If I am to move to a country that covers srs with insurance I will need their support so is it worth it to fuck up the transition a lil’ to (potentially) get srs??
I don’t even know if they can afford that tbh but like I’ll have some amount of scholarships as an international student surely so I feel like I could scrape by if they did support me on top of it
Also it’d be nice if I didn’t go homeless :3
And how do you expect it to work? I had to wait 2 years for HRT, because I couldn’t find a job. After ~1 year I pulled myself last second out of the rope tied around my neck, on the verge of passing out. It was pure misery. And you already know you have a potential. The knowledge that you are running on a masculinizing time bomb that can blow up in your face any moment will mentally ruin your prospects of being a good student.

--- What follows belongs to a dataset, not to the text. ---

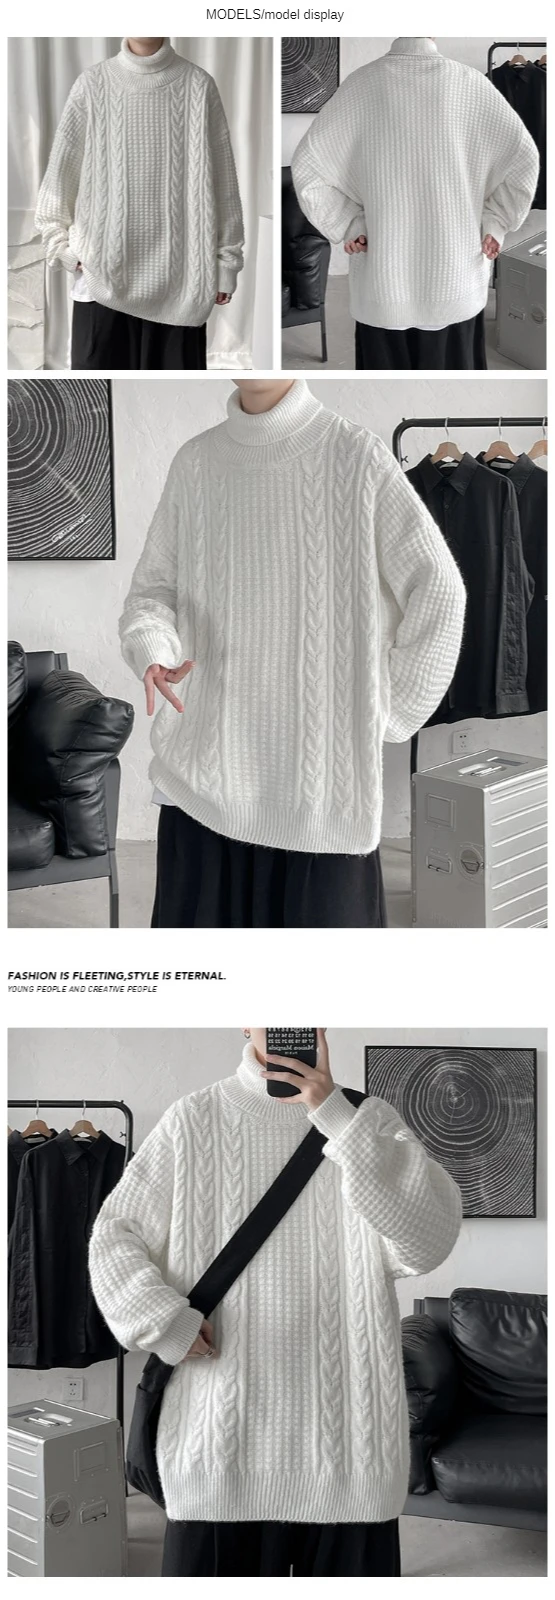 mens turtle neck jumper Turtleneck Sweaters Men Loose Oversized Knitted Pullovers Fashion Youthful Vitality Knitted Sweater Men Pullovers Plus Size 5XL half sweater for men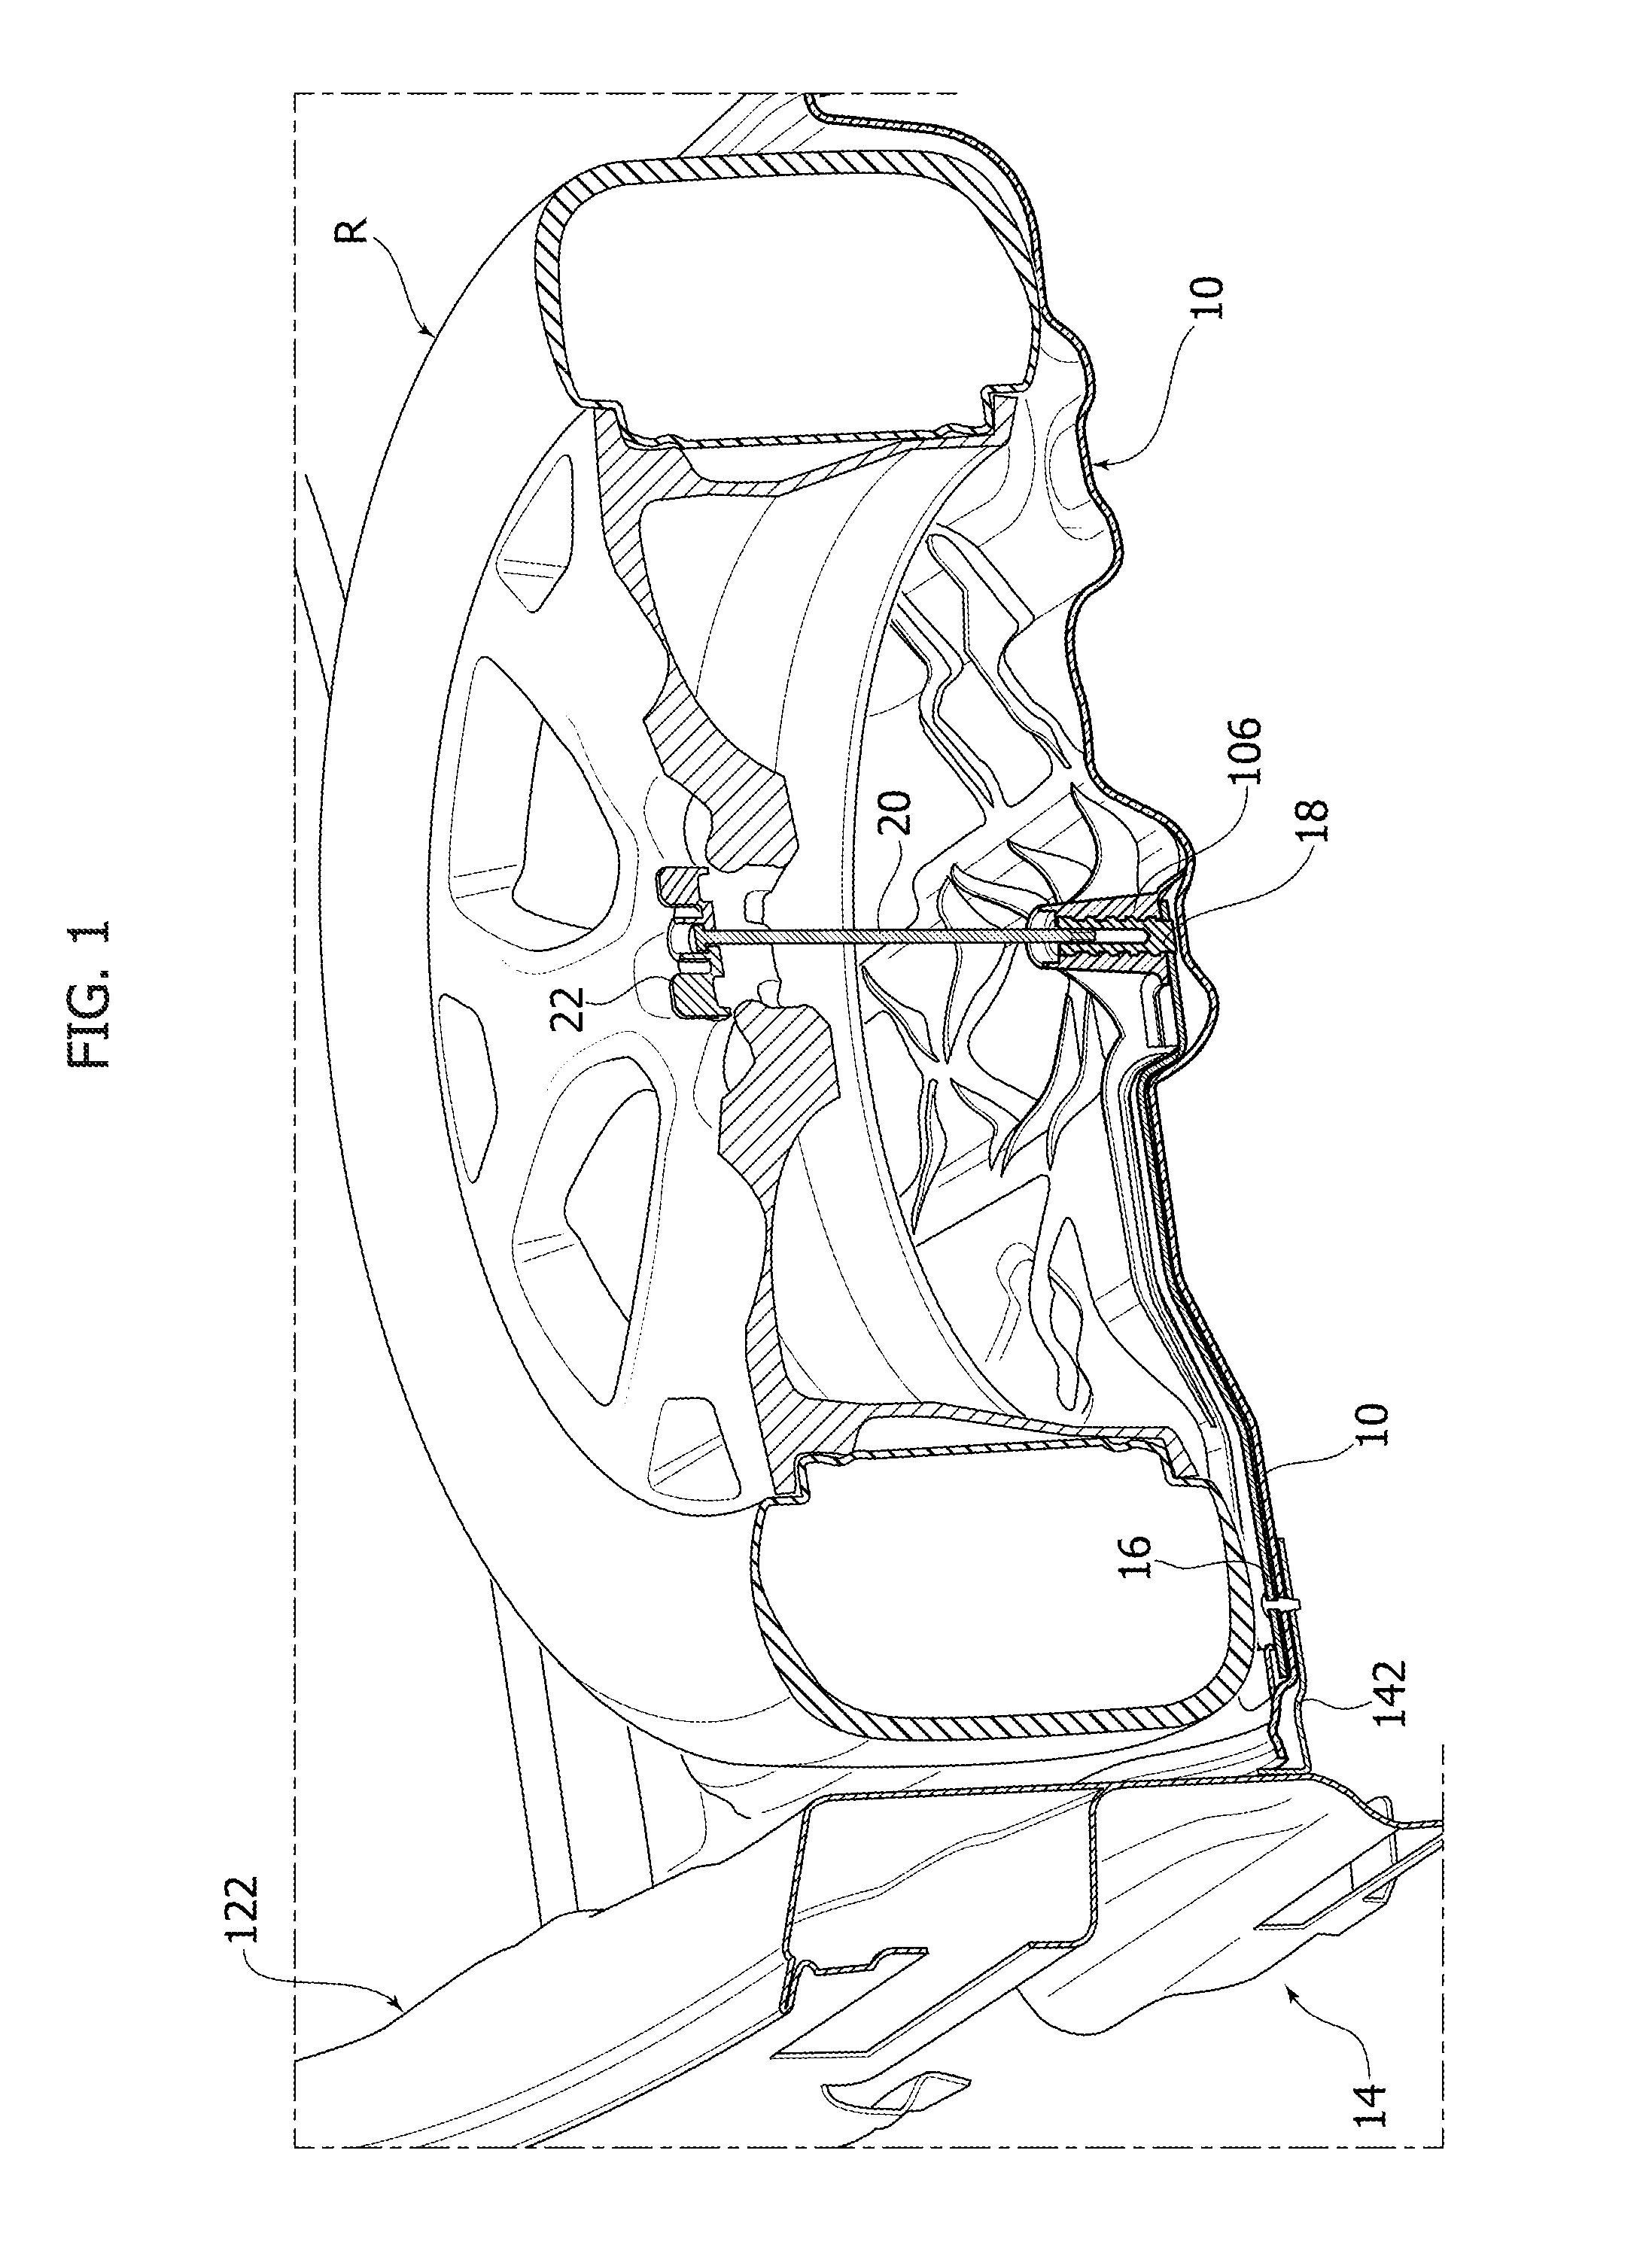 Motor-vehicle structure having a holding element for holding a spare wheel or other component on a floor portion made of plastic material

Okay but cutting my family off knowing I won’t be getting srs anytime soon (possibly ever) would fuck me up a goof bit as well
Look I know detransing won’t do me any good I’m just scared. If they find out while I’m still at their house it won’t end well for me.
If you are okay with possibly heavily masculinizing, go for it. I better die, personally.
okay… I understand…
I would ask about taking t blockers without E but I’ve been told that’s also retarded. I suppose I’ll keep going.
To see what would happen to you on T blockers only, look at symptoms of the menopause. It generally shows what happens to your organism without any primary hormones in your blood.
Yeah it’s not the best…
Well whatever. I’ll be fine for this summer regardless. I can worry about next year in due time
no don’t detroon. just hide it n’ shit.
I mean I can do it for now but next year I feel like it will get risky… if they find out then I’ll be quite bruised by the end of it y’know?
Probably, but crossing bridges when you get to them.
yeah ur right. I still don’t think this will end well for me but I suppose the alternative is worse so no point in thinking about it.